- Opening Delimiter -

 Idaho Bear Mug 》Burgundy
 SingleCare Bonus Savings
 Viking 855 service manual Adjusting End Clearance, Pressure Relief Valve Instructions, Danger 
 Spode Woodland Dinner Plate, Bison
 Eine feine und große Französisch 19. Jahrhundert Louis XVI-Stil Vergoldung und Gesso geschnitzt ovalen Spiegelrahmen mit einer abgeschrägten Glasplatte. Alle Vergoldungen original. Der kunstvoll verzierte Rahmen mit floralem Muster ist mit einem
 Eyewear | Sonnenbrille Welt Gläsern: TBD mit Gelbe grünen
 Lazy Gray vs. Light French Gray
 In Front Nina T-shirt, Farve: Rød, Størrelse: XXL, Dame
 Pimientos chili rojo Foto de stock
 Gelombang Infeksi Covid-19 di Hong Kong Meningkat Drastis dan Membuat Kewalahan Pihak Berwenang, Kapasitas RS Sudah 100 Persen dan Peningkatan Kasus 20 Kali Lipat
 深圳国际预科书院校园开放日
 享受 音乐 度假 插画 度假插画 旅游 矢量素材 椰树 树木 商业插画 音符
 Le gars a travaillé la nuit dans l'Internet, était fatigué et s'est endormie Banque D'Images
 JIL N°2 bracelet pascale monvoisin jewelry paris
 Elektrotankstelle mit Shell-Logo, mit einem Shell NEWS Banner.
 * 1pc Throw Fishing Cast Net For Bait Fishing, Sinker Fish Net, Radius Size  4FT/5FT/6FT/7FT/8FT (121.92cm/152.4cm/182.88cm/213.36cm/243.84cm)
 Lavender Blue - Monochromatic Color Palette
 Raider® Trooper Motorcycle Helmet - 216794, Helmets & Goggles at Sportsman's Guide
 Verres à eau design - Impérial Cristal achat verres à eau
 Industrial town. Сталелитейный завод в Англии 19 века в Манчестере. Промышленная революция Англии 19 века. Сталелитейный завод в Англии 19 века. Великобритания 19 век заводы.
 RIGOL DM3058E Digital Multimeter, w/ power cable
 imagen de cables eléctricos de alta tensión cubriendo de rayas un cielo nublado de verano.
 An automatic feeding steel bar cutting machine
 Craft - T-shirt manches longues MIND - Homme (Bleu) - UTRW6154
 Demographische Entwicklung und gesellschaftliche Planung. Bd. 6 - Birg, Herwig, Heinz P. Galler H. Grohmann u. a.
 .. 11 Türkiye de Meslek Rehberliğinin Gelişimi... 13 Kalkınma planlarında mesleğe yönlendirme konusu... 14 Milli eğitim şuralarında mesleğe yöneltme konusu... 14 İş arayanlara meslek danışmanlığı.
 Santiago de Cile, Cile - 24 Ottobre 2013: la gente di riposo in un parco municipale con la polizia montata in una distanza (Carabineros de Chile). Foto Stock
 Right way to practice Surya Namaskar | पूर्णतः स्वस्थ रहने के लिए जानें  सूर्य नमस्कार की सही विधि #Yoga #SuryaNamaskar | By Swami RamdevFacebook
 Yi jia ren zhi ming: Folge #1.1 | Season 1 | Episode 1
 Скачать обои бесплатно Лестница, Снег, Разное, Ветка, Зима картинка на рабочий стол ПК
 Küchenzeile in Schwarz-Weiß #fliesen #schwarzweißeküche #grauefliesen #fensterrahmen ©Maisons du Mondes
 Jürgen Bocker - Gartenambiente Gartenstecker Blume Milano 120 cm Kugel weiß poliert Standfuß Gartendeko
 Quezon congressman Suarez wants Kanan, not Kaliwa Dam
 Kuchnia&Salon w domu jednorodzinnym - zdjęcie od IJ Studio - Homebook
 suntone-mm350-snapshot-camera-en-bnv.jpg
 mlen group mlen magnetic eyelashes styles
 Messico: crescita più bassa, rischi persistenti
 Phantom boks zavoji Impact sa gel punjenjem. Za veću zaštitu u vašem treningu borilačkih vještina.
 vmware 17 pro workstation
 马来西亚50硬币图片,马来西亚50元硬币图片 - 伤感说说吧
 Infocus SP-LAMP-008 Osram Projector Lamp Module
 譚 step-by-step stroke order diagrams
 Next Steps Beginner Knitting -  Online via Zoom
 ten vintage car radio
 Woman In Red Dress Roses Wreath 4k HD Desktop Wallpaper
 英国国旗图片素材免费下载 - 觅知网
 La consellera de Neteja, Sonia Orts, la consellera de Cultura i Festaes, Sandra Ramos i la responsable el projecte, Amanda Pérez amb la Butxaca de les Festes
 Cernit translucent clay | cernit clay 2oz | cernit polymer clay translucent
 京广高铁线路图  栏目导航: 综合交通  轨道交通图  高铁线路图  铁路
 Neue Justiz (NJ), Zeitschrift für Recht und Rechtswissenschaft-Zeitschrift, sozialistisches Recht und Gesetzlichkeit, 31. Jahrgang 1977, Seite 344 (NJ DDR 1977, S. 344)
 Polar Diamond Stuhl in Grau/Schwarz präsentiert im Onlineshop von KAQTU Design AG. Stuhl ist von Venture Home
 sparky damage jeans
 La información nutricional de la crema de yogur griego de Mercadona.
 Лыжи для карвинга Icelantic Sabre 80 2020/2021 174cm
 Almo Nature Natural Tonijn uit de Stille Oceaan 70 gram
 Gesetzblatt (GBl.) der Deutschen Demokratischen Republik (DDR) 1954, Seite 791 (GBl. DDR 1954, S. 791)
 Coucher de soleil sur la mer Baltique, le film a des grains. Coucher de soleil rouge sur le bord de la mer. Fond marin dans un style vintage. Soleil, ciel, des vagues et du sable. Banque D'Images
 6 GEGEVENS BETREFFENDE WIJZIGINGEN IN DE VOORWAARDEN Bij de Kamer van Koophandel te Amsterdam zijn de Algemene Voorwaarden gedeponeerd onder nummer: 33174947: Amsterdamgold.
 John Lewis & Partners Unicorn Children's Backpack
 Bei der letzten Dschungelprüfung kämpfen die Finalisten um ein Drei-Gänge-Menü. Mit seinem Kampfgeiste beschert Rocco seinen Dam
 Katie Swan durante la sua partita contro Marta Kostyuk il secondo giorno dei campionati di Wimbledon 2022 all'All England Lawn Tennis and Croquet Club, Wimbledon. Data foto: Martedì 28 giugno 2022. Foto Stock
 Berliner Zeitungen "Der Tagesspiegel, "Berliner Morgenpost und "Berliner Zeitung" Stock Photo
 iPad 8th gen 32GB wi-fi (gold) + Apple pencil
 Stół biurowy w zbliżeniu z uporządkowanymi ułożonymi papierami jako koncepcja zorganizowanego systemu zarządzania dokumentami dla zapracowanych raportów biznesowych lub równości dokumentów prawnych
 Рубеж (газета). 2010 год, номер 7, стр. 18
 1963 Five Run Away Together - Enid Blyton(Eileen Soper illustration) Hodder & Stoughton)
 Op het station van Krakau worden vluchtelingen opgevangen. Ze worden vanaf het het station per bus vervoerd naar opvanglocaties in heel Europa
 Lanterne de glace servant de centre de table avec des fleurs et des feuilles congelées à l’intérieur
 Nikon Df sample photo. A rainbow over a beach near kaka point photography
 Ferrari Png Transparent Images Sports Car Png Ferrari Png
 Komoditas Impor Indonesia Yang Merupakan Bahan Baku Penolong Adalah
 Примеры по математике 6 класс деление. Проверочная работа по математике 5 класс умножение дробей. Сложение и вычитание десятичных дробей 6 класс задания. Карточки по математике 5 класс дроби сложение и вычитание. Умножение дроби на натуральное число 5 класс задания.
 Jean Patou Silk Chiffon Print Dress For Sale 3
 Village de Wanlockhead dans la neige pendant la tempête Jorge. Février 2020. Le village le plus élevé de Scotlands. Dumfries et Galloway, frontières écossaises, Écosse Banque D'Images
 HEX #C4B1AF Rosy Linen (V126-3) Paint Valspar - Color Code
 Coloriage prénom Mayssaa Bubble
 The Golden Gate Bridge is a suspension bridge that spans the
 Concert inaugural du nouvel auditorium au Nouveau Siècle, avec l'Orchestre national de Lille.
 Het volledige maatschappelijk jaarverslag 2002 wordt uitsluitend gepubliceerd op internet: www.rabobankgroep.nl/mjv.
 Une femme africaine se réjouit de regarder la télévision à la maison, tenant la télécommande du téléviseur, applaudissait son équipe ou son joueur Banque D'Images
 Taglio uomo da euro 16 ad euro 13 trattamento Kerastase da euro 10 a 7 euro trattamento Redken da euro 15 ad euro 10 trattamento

- Closing Delimiter -

Would you please copy exactly the part of the entries above that begins at the line containing "HEX #C4B1AF Rosy" and ends at the line containing "Une femme africaine", both lines included?

 HEX #C4B1AF Rosy Linen (V126-3) Paint Valspar - Color Code
 Coloriage prénom Mayssaa Bubble
 The Golden Gate Bridge is a suspension bridge that spans the
 Concert inaugural du nouvel auditorium au Nouveau Siècle, avec l'Orchestre national de Lille.
 Het volledige maatschappelijk jaarverslag 2002 wordt uitsluitend gepubliceerd op internet: www.rabobankgroep.nl/mjv.
 Une femme africaine se réjouit de regarder la télévision à la maison, tenant la télécommande du téléviseur, applaudissait son équipe ou son joueur Banque D'Images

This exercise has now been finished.